Principal characters
 Valérian, a spatio-temporal agent from Galaxity, future capital of Earth, in the 28th century.
 Laureline, originally from France in the 11th century, now a spatio-temporal agent of Galaxity in the 28th century.
 Albert, Valérian and Laureline's contact on 20th century Earth .
 Brittibrit, a transformist artist from the planet Chab.
 Doum A Goum, a virtually indestructible, rock-eating creature.
 Yfysania, a creature capable of teleportation.
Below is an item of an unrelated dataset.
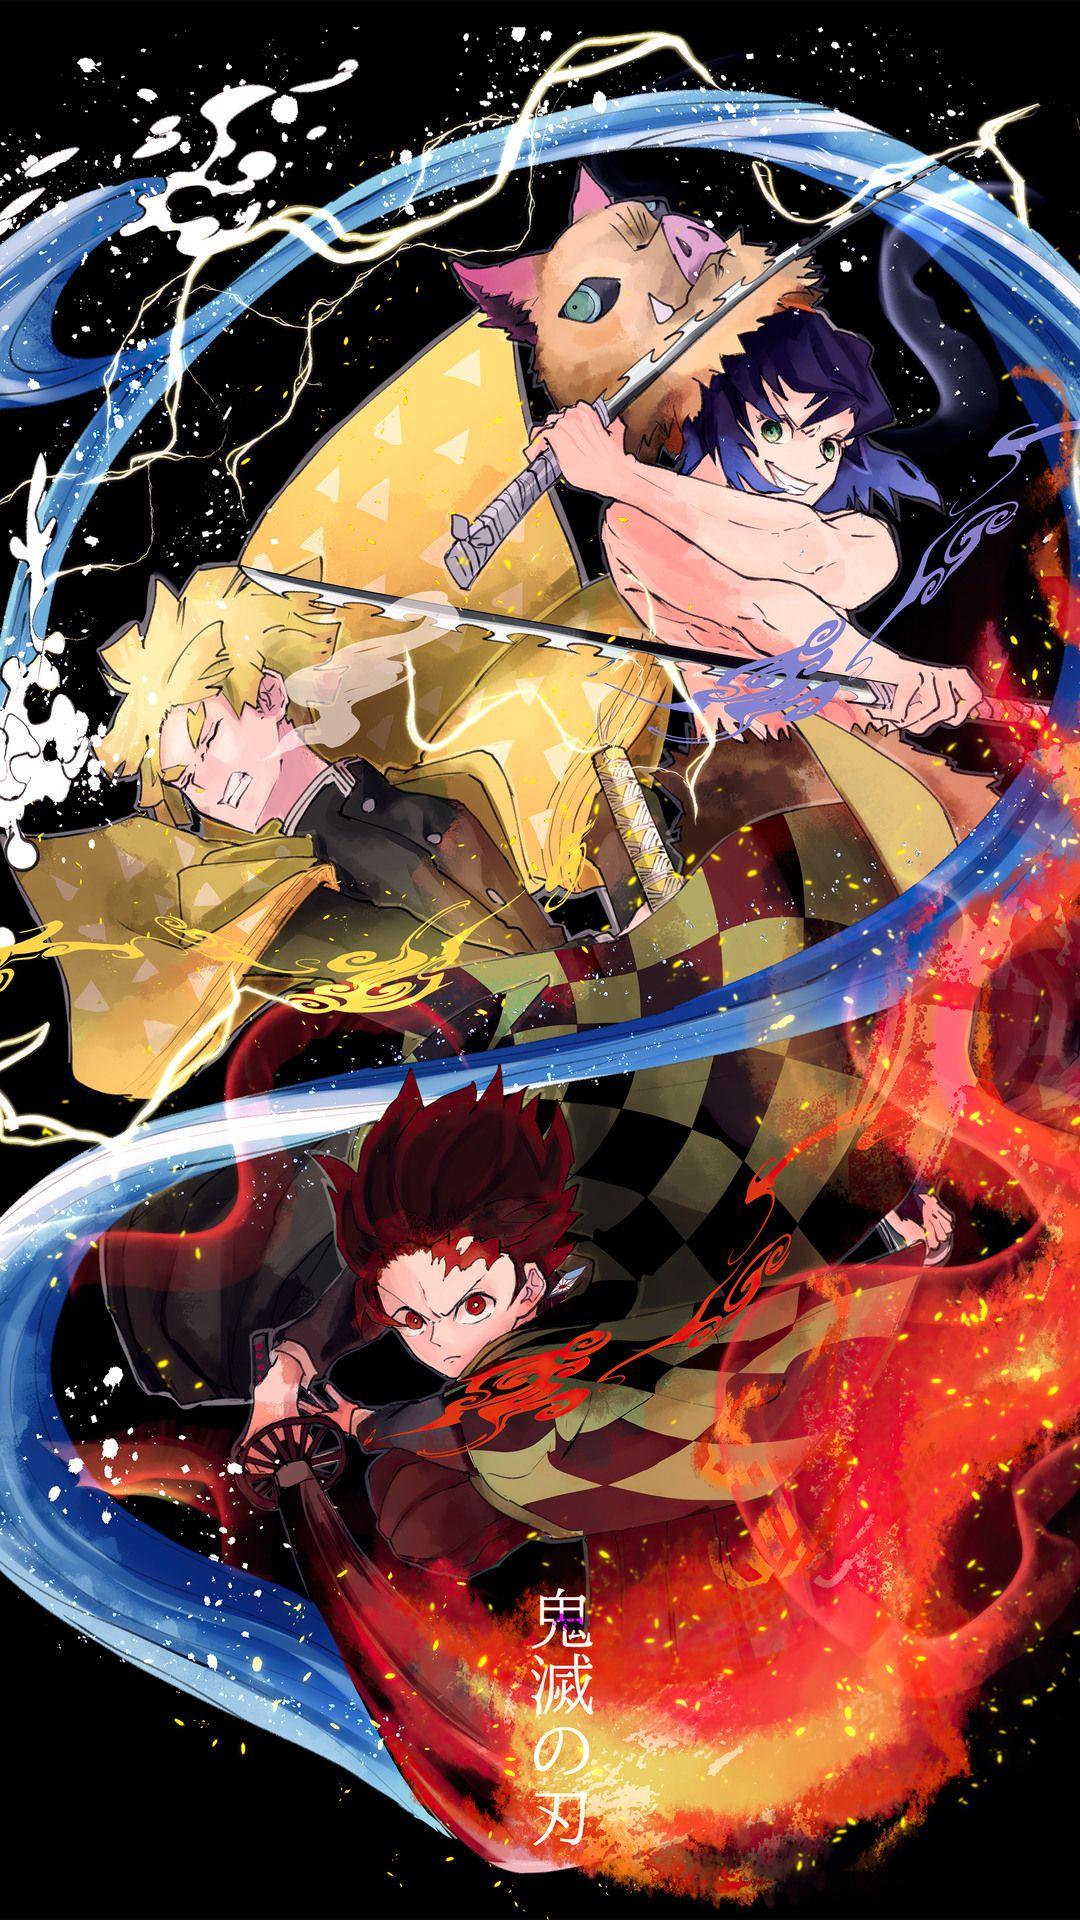 Demon Slayer Mobile Wallpaper Heroscreen Cool Wallpapers In 2021 Anime Anime Wallpaper Awesome Anime Demon slayer anime phone wallpaper
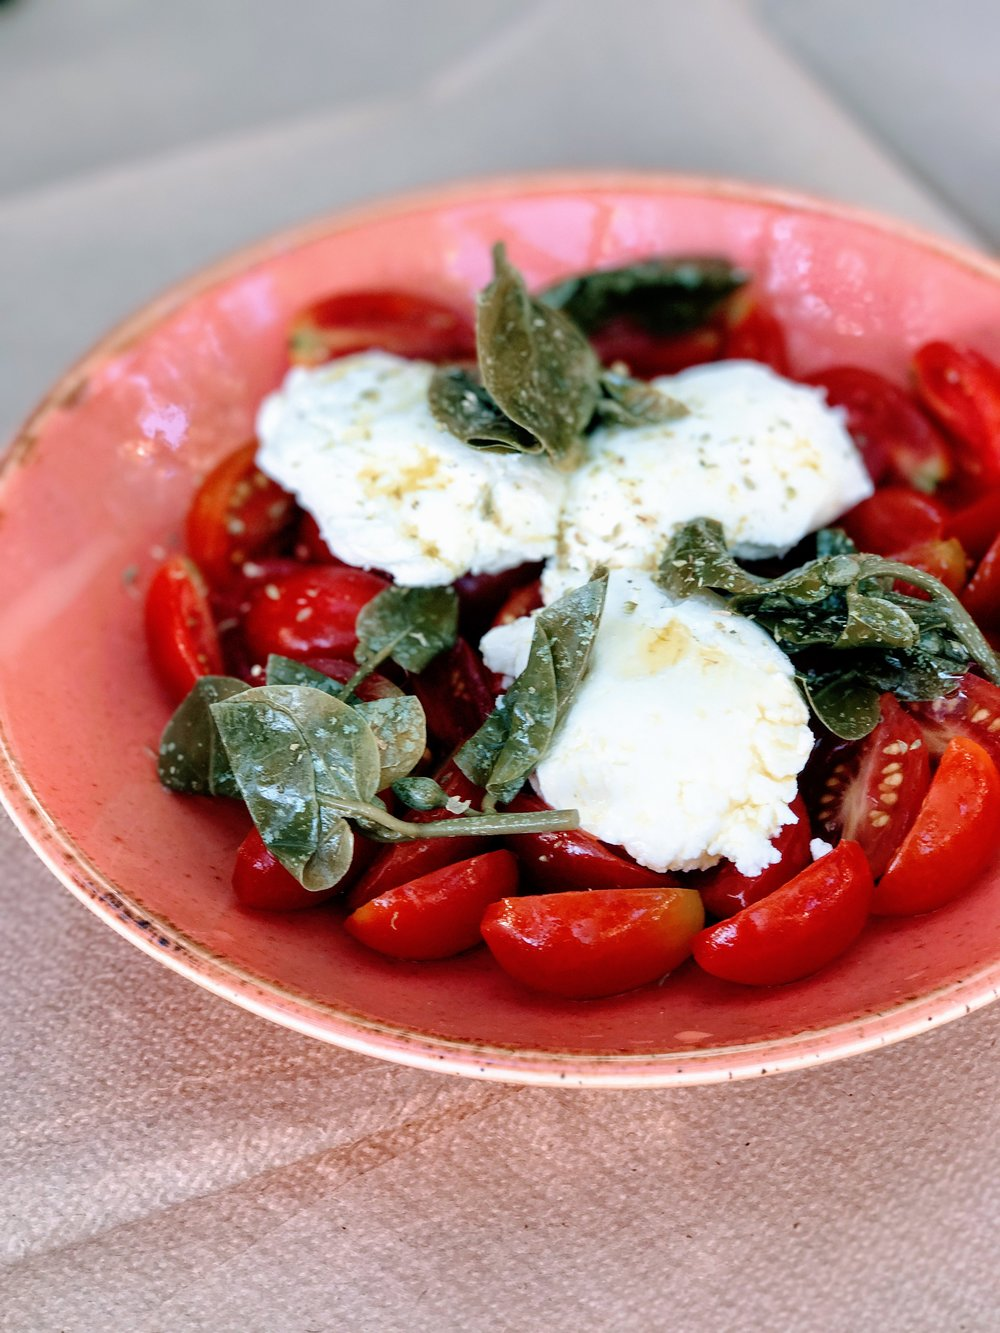 Tomato caper salad at Klimataria taverna

 Schniarfeur, a living weapon from the planet Bromn. The Schniarfeur's weapons are its irritating voice and its destructive spit. The planet Bromn is so dangerous that all its inhabitants, including the Schniarfeur, are in a state of perpetual aggression. A Schniarfeur's aggression can be tempered by operating on its chabounal gland.
 Rompf, a Lord of War from Blopik.
 Wauk, a Lord of War from Blopik and Rompf's rival.

Settings
 Blopik, the third planet in the Constellation of Orpheus. Blopikians are a mixture of minotaur and centaur having the head of a bull and the body of a horse. Despite their fearsome appearance, they are ruminants. Their planet is mostly rocky, primarily red and brown in colour with many canyons and ravines. Primitive wooded bridges connect the ravines. The Blopikian natives regularly make war on their great plains. When the forests of the high ranges reach maturity and bear fruit, the Blopikians set them on fire to start the war between the rival tribes.
 Earth, Russia, the late 1980s after the events of On the Frontiers but before the collapse of the Soviet Union. Valérian and Laureline take Brittibrit, Doum-a-Goum and Yfysania to join the Moscow State Circus.

Notes
 This album marks the first appearance in the Valérian series of a Schniarfeur living weapon. Another will appear in Hostages of the Ultralum and At the Edge of the Great Void.
 In the opening pages, Valérian and Laureline go through a strange phenomenon on board their ship which sees them transform: he with a stretching body, she becoming transparent. This is very similar to Mister Fantastic and the Invisible Woman of the Fantastic Four, though in Valérian and Laureline's case the effect is temporary.
 This album was translated into English by Timothy Ryan Smith and published, along with On the Frontiers and The Circles of Power in the same volume, in November 2004 by iBooks under the title Valerian: The New Future Trilogy. The pages were shrunk from their normal size to US comic book size.